Die Geschichte von Chapecoense
Es sollte einer der schönsten Tage ihres Lebens werden, es endete in einer Tragödie: Auf dem Weg zum Endspiel des südamerikanischen Elite-Turniers Copa Sudamericana, kam am 28.November 2016 fast die ganze Mannschaft des brasilianischen Fußballclubs Chapecoense bei einem Flugzeugabsturz ums Leben. Dieses Ereignis sorgte weltweit für Bestürzung und Clubs, Spieler und Fans aus der ganzen Welt nahmen an diesem Unglück Anteil. Insgesamt starben 71 Menschen bei dem Absturz.
Nun rollte das US-amerikanische Regie-Brüderpaar Jeff und Michael Zimbalist die Ereignisse von damals auf und erzählen die tragische Geschichte in ihrer Dokumentation Nossa Chepe – Unser Team. Dabei gehen sie der Frage nach, ob und wie ein Neuanfang nach solch einem Unglück möglich ist und begleiten die Protagonisten des Films in vielen intimen Momenten. Es geht um Trauerbewältigung, um Zuversicht und um die Erkenntnis, dass das Fußballgeschäft eben doch ein ganz hartes ist, und letztlich doch wieder der Profit im Vordergrund steht.
Schlag in die Magengrube
Die 100-minütige Dokumentation packt einen gleich von der ersten Sekunde an. Der Weg der Mannschaft ins Finale wird kurz abgehandelt, es folgen diverse Handyaufnahmen von ausgelassenen Spielern, die zeigen, wie die Mannschaft ins Flugzeug steigt, um zum kolumbianischen Final-Ort Medellin zu fliegen – nur wenige Stunden vor dem verheerenden Absturz. Aus dem Off sprechen die Witwen der Spieler und erzählen über die Momente, in denen sie von dem Unglück erfahren haben. Schon hier bekommt man als Zuschauer einen echten Schlag in die Magengrube versetzt.

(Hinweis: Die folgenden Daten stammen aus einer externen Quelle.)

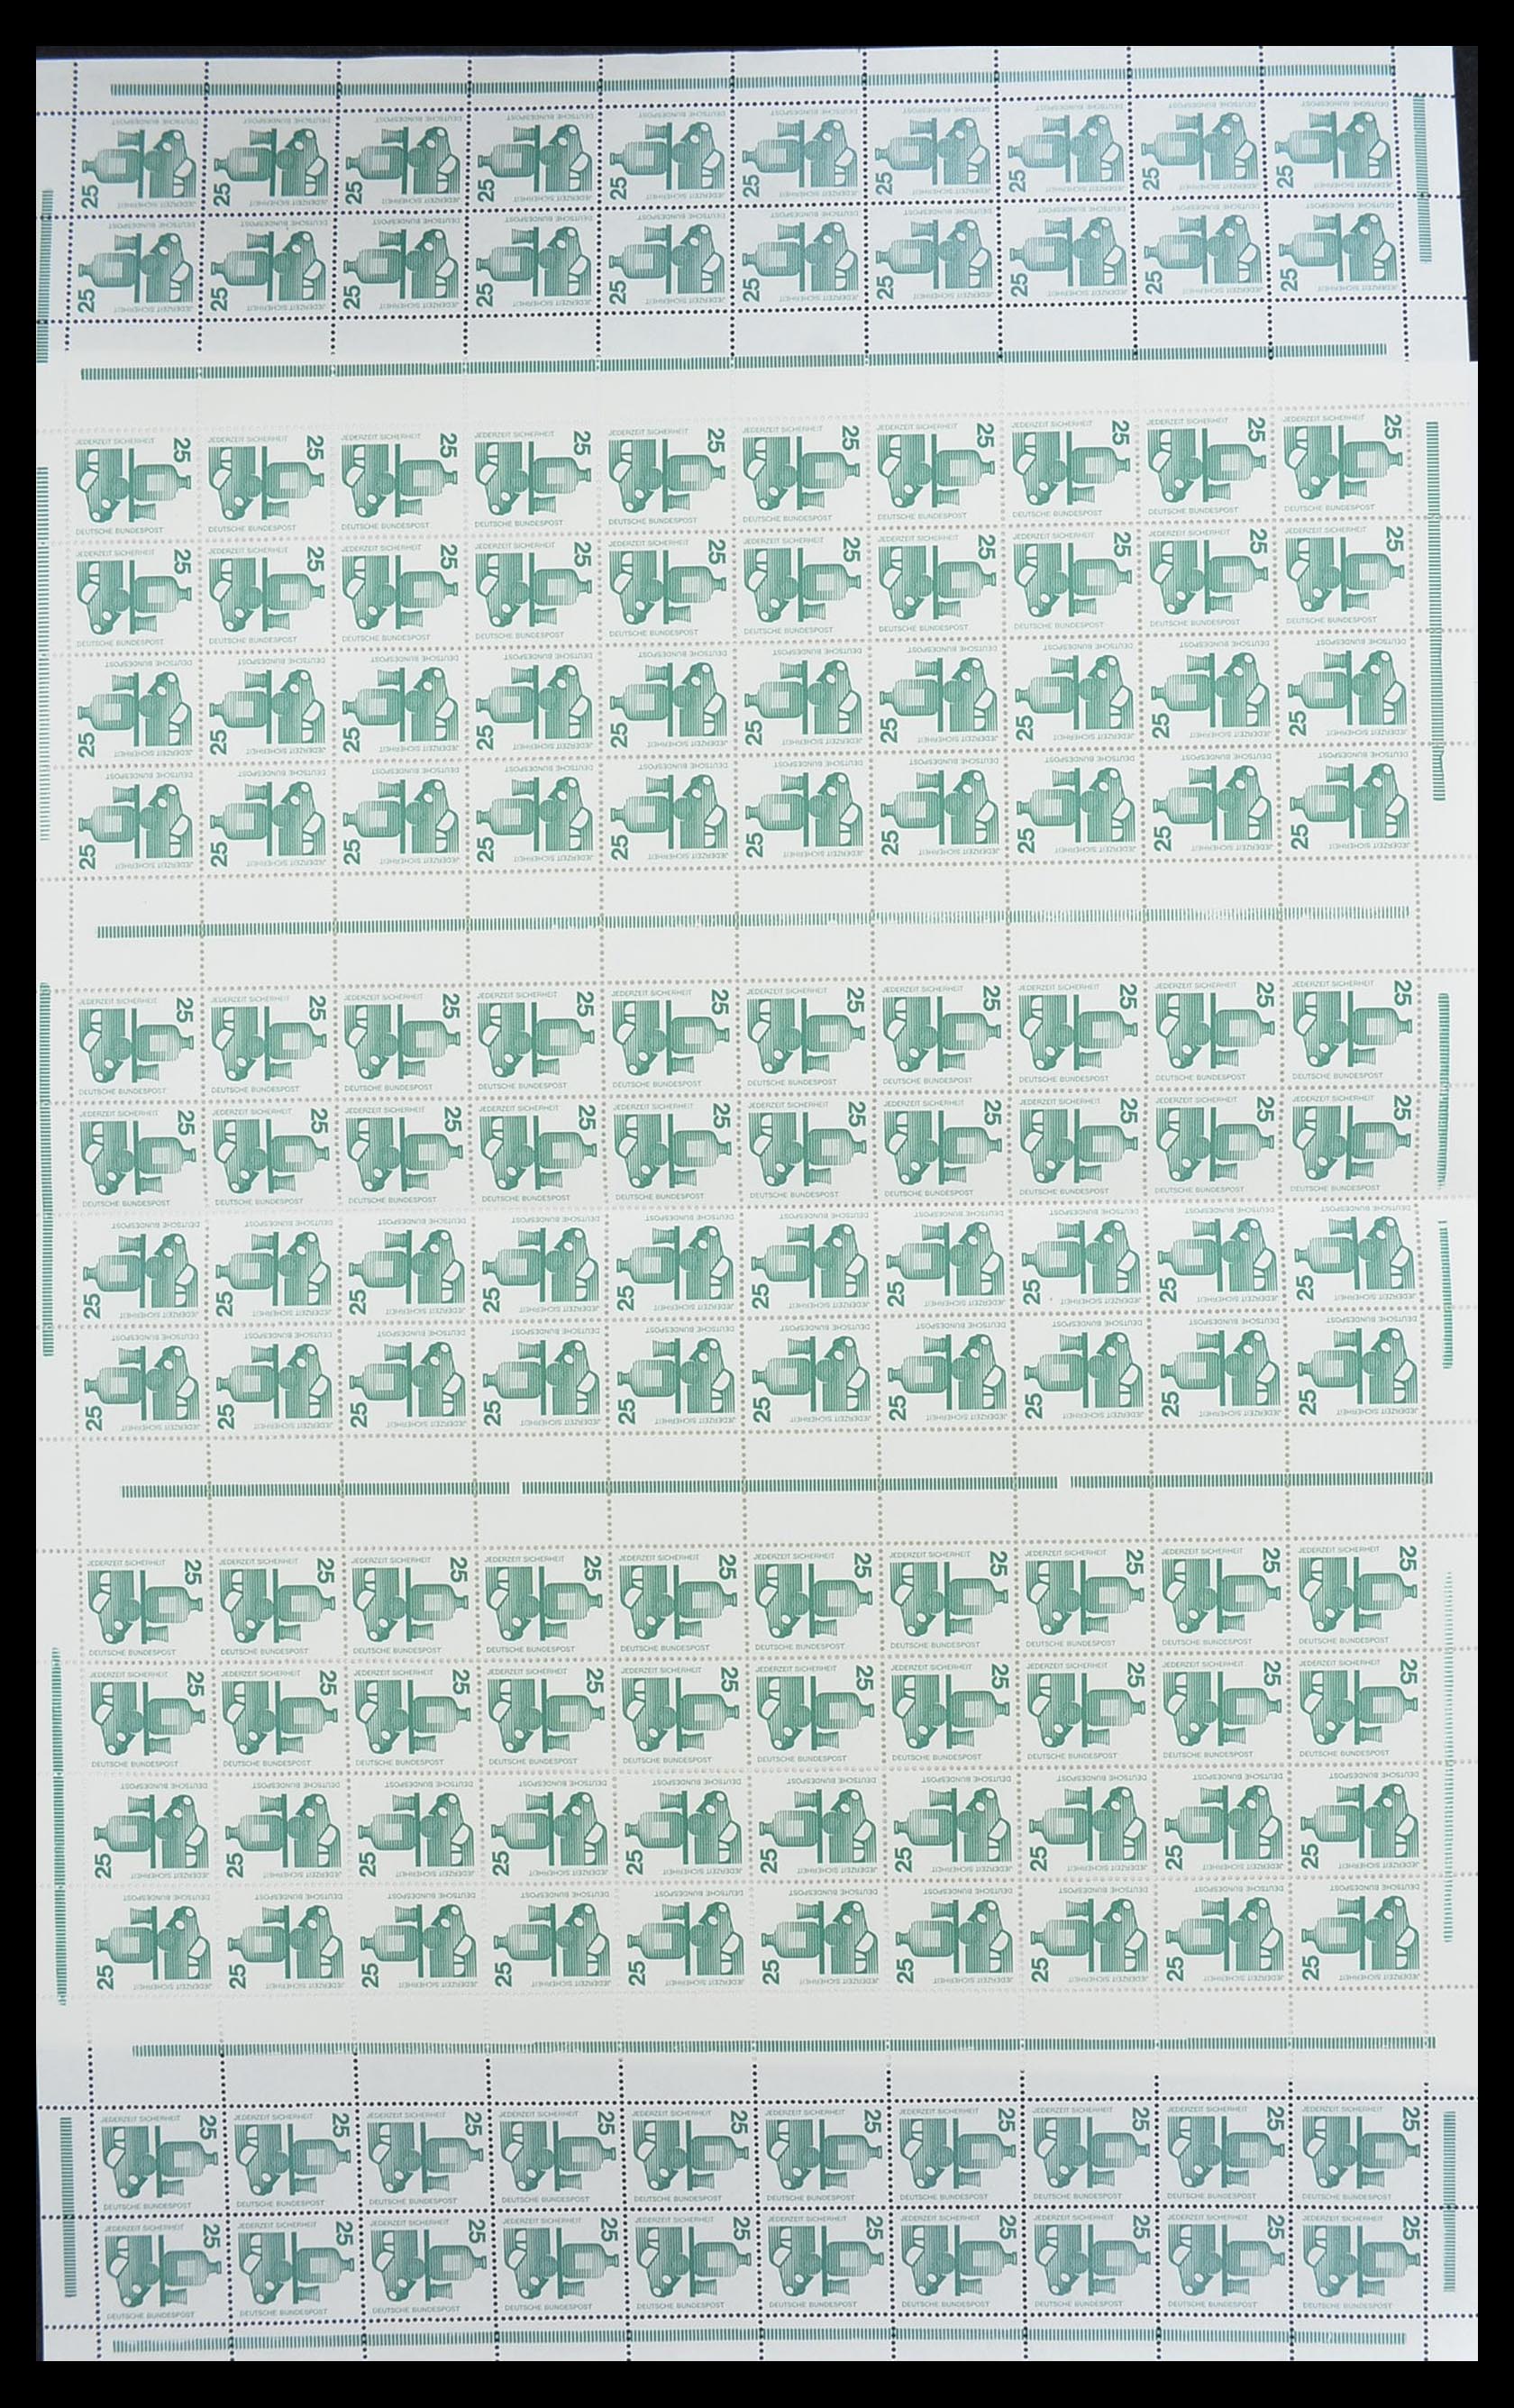 33753 004 - Stamp collection 33753 Bund and Berlin markenheftchenbogen 1966-1973.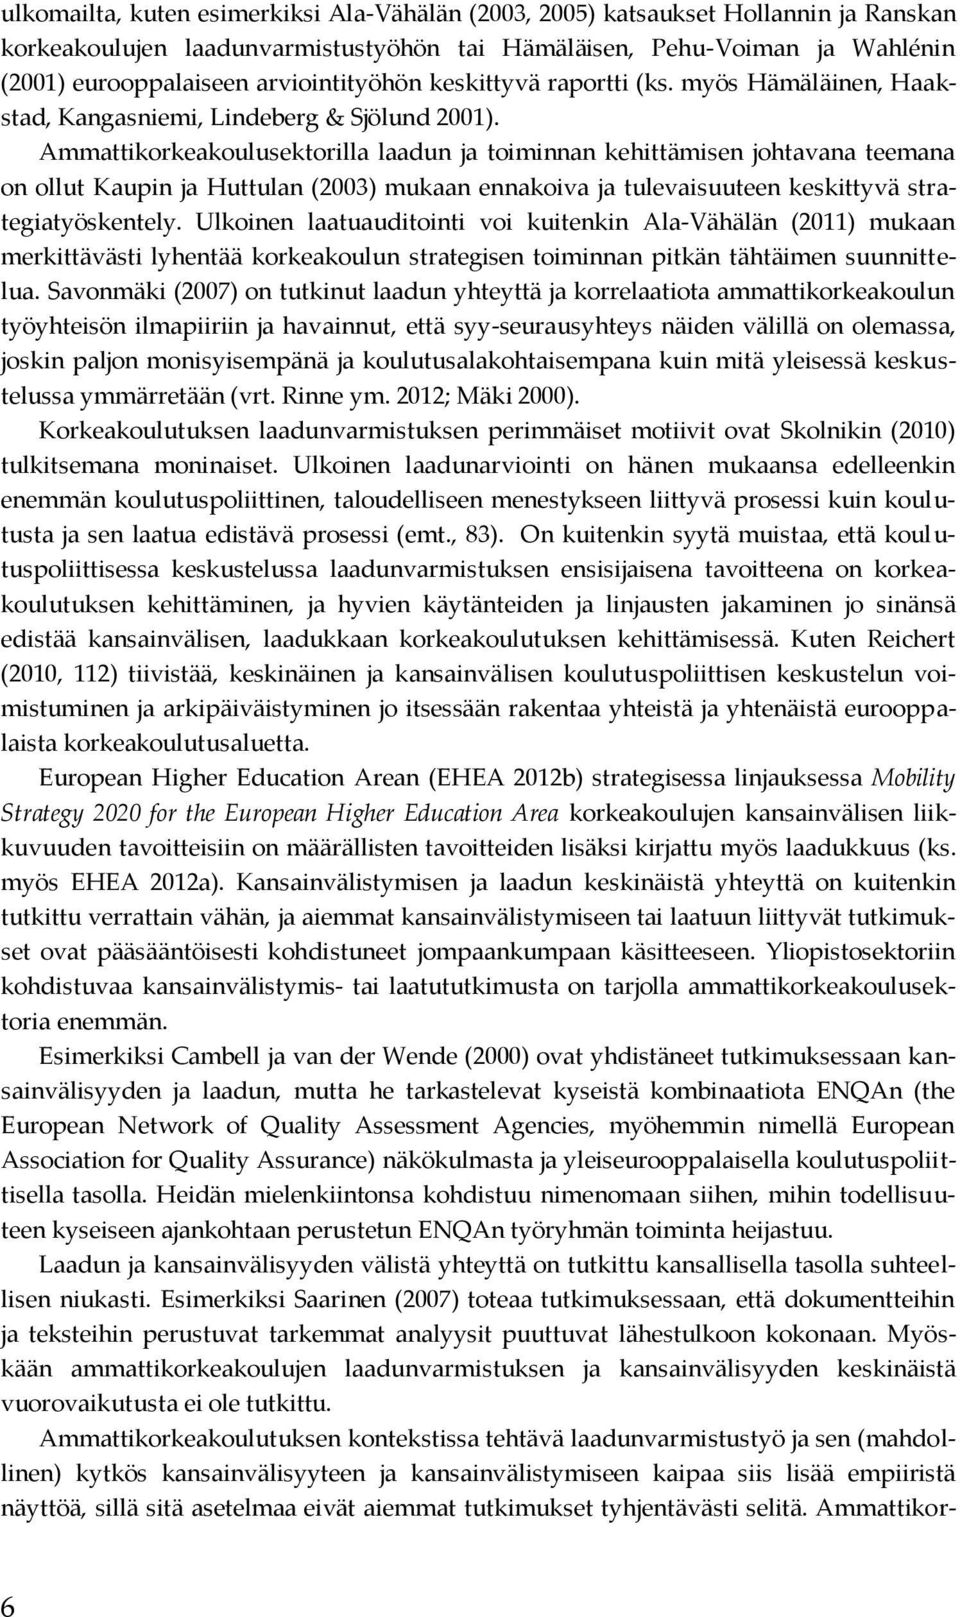 Ammattikorkeakoulusektorilla laadun ja toiminnan kehittämisen johtavana teemana on ollut Kaupin ja Huttulan (2003) mukaan ennakoiva ja tulevaisuuteen keskittyvä strategiatyöskentely.

Und auch in der Folge bleibt es emotional. Sechs Personen überlebten wie durch ein Wunder den Absturz, drei davon waren die Spieler Alan Ruschel, Jakson Follmann und Hélio Neto. Die Dokumentation beschäftigt sich sehr intensiv mit dem Schicksal des Trios und zeigt ihren Weg zurück ein geregeltes Leben. Dabei wird dem Zuschauer schnell klar, dass das Träume ein Leben lang bleiben wird. In den Interviews mit den Spielern fließen immer wieder Tränen.
Ein weiterer großer Faktor des Films ist der Versuch, die Mannschaft wieder neu zu beleben. Nicht nur Spieler, auch Trainer und ein Großteil des Vereinsvorstandes kamen bei Flug 2933 ums Leben. Trotzdem will sich der Verein zurück kämpfen – und steht damit vor einer fast unlösbaren Mammutaufgabe. Das Kamerateam begleitet hier Gespräche des Aufsichtsrats und zeigt die Zwickmühle, in der sich die Verantwortlichen befinden. Es muss irgendwie weitergehen – so muss es eben bei einem Wirtschaftsunternehmen, und effektiv ist ein Fußballverein nichts Anderes, sein.
Der Profit mit der Katastrophe
Beim Blick nach vorne scheint vor allem wichtig, das Geschehene hinter sich zu lassen. Kein Wunder also, dass die Zukunftsvision und die trauernden Familien, sowie die traumatisierten Überlebenden plötzlich gegeneinander arbeiten. Ruschel, Follmann und Neto sollen dem Verein weiter ein Gesicht geben und werden fortan sogar zu Marketingzwecken genutzt. Die Kamera ist sogar dabei, als Neto seinem Freund Follmann sagt: „Der Verein profitiert vom Tod der Spieler.“ Als Neto beiläufig erzählt, dass er keine psychologische Hilfe vom Verein bekommt, sondern sich privat jemanden suchen musste, wird dem Zuschauer erneut flau im Magen.
Von solchen Situationen gibt es in dieser außergewöhnlichen Dokumentation einige. Man trauert mit den Spielern, kann aber auch die andere Seite verstehen. Eine klare Unterteilung in „Gut“ und „Böse“ gibt es nicht, der Zuschauer ist mit vielen Situationen vermutlich genauso überfordert, wie die Protagonisten.
Fazit: Wahnsinn, wie nah die Zimbalist-Brüder an die Beteiligten rankommen und somit jedem Protagonisten genug Raum geben. Die Doku verzichtet auf jegliche Kommentare, lässt einfach nur die Anwesenden sprechen – dies sorgt in vielen Situationen für Stille und Nachdenklichkeit. Eine tolle Dokumentation – für jeden…
Nossa Chape läuft ab dem 28. März 2019 im Kino.